Unless otherwise instructed per paragraph 7.4(b) hereof, all Lessee Owned
Alterations and Utility Installations shall, at the expiration or termination
of this Lease, become the property of Lessor and be surrendered by Lessee with
the Premises.

          (b) REMOVAL. By delivery to Lessee of written notice from Lessor not
earlier than 90 and not later than 30 days prior to the end of the term of this
Lease, Lessor may require that any or all Lessee Owned Alterations or Utility
Installations be removed by the expiration or termination of this Lease. Lessor
may require the removal at any time of all or any part of any Lessee Owned
Alterations or Utility Installations made without the required consent.
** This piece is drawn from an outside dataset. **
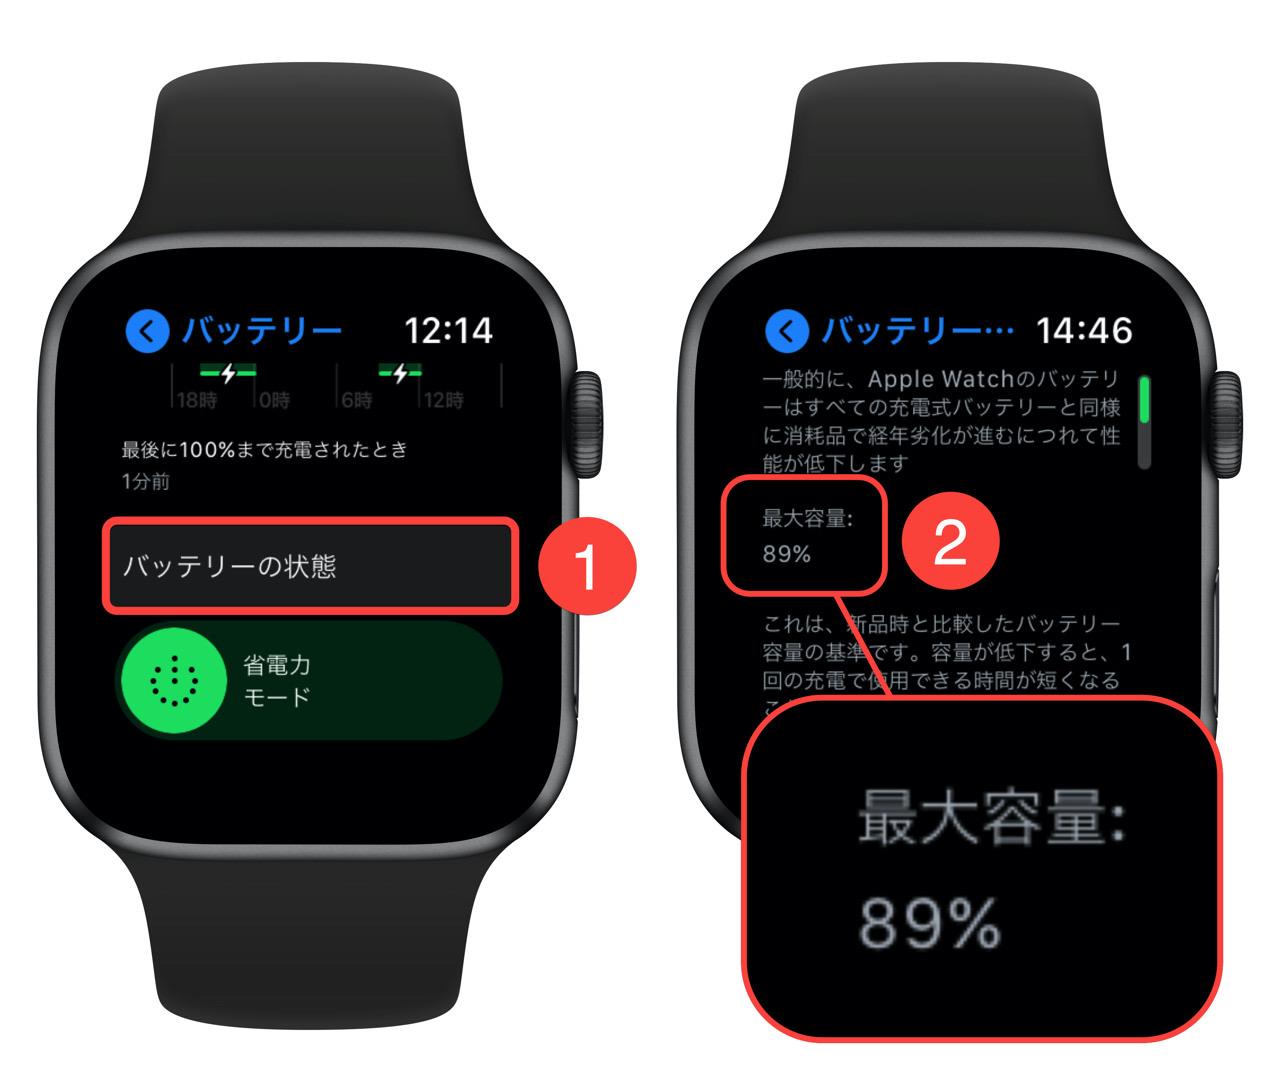 Check battery status apple watch2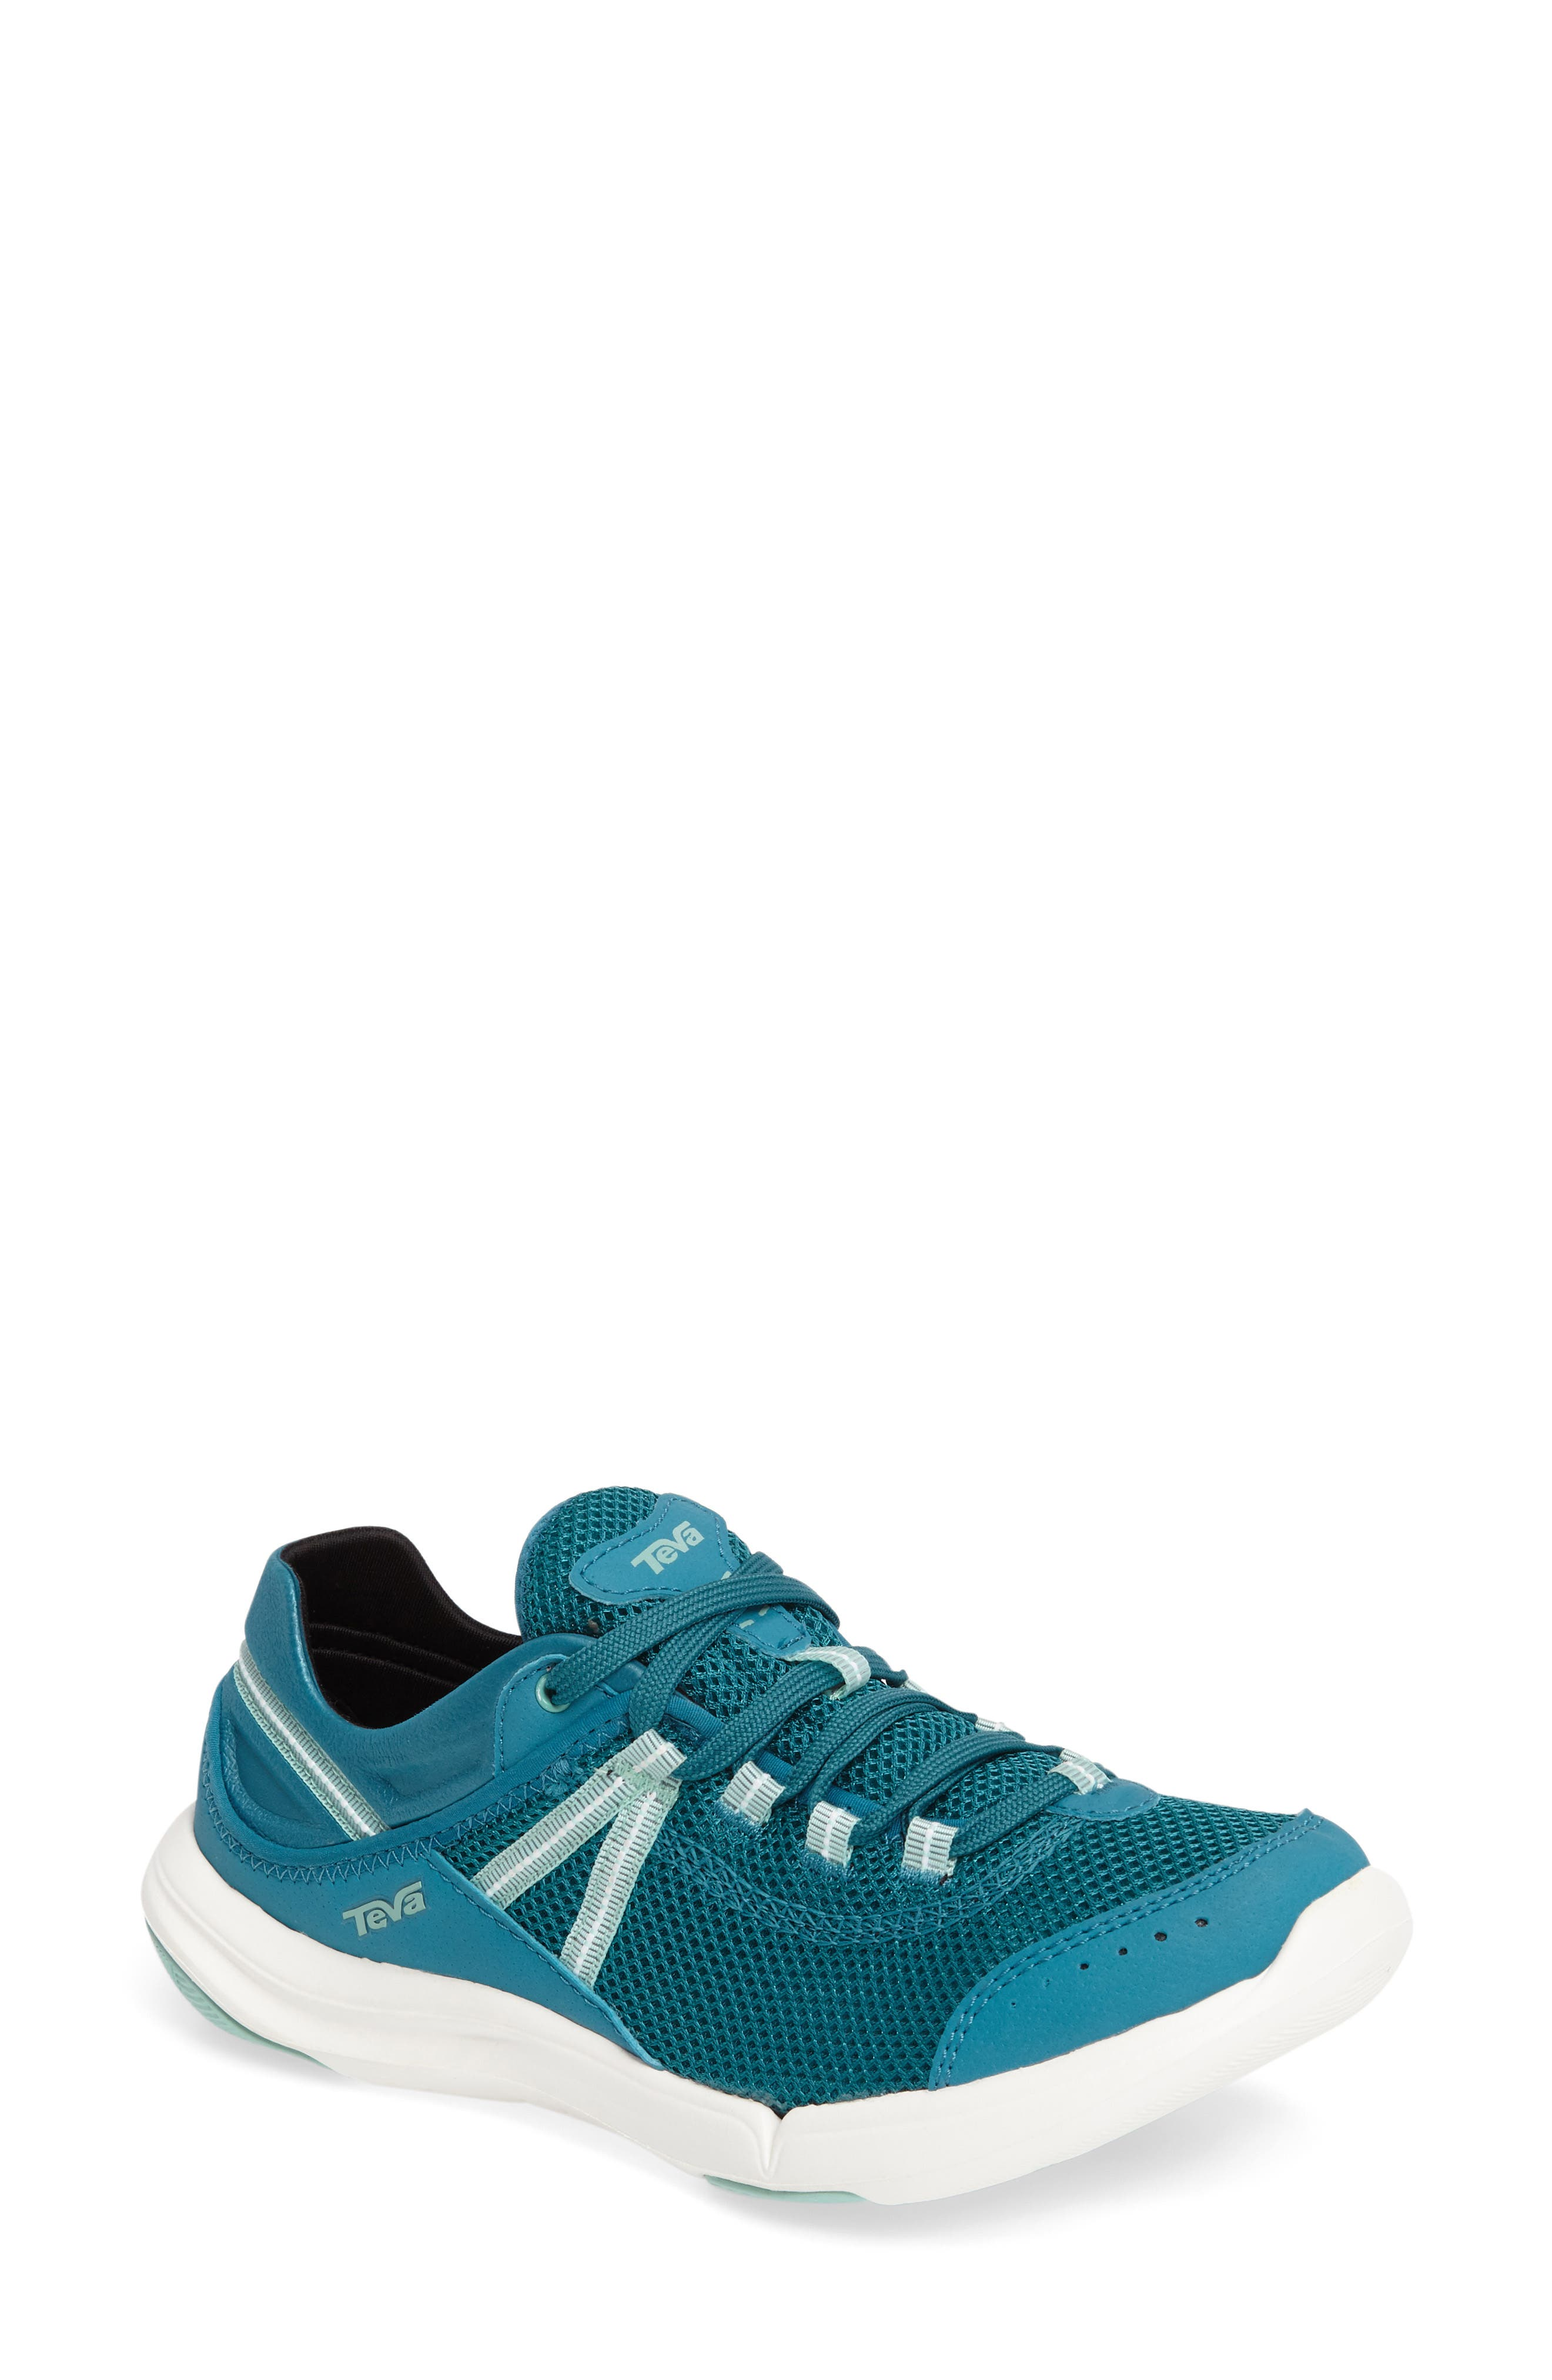 Evo Sneaker,                         Main,                         color, 405

          (c) SURRENDER; RESTORATION. Lessee shall surrender the Premises by
the Expiration Date or any earlier termination date, with all of the
improvements, parts and surfaces thereof clean and free of debris, and in good
operating order, condition and state of repair, ordinary wear and tear
excepted. "Ordinary wear and tear" shall not include any damage or
deterioration that would have been prevented by LESSEE'S good maintenance
practice. Notwithstanding the foregoing, if this Lease is for 12 months or
less, then Lessee shall surrender the Premises in the same condition as
delivered to Lessee on the Start Date with NO allowance for ordinary wear and
tear. Lessee shall repair any damage occasioned by the installation,
maintenance or removal of Trade Fixtures, Lessee owned Alterations and/or
Utility Installations, furnishings, and equipment as well as the removal of any
storage tank installed by or for Lessee. Lessee shall also completely remove
from the Premises any and all Hazardous Substances brought onto the Premises by
or for Lessee, or any third party (except Hazardous Substances which were
deposited via underground migration from areas outside of the Project) even if
such removal would require Lessee to perform or pay for work that exceeds
statutory requirements. Trade Fixtures shall remain the property of Lessee and
shall be removed by Lessee. The failure by Lessee to timely vacate the Premises
pursuant to this Paragraph 7.4(c) without the express written consent of Lessor
shall constitute a holdover under the provisions of Paragraph 26 below.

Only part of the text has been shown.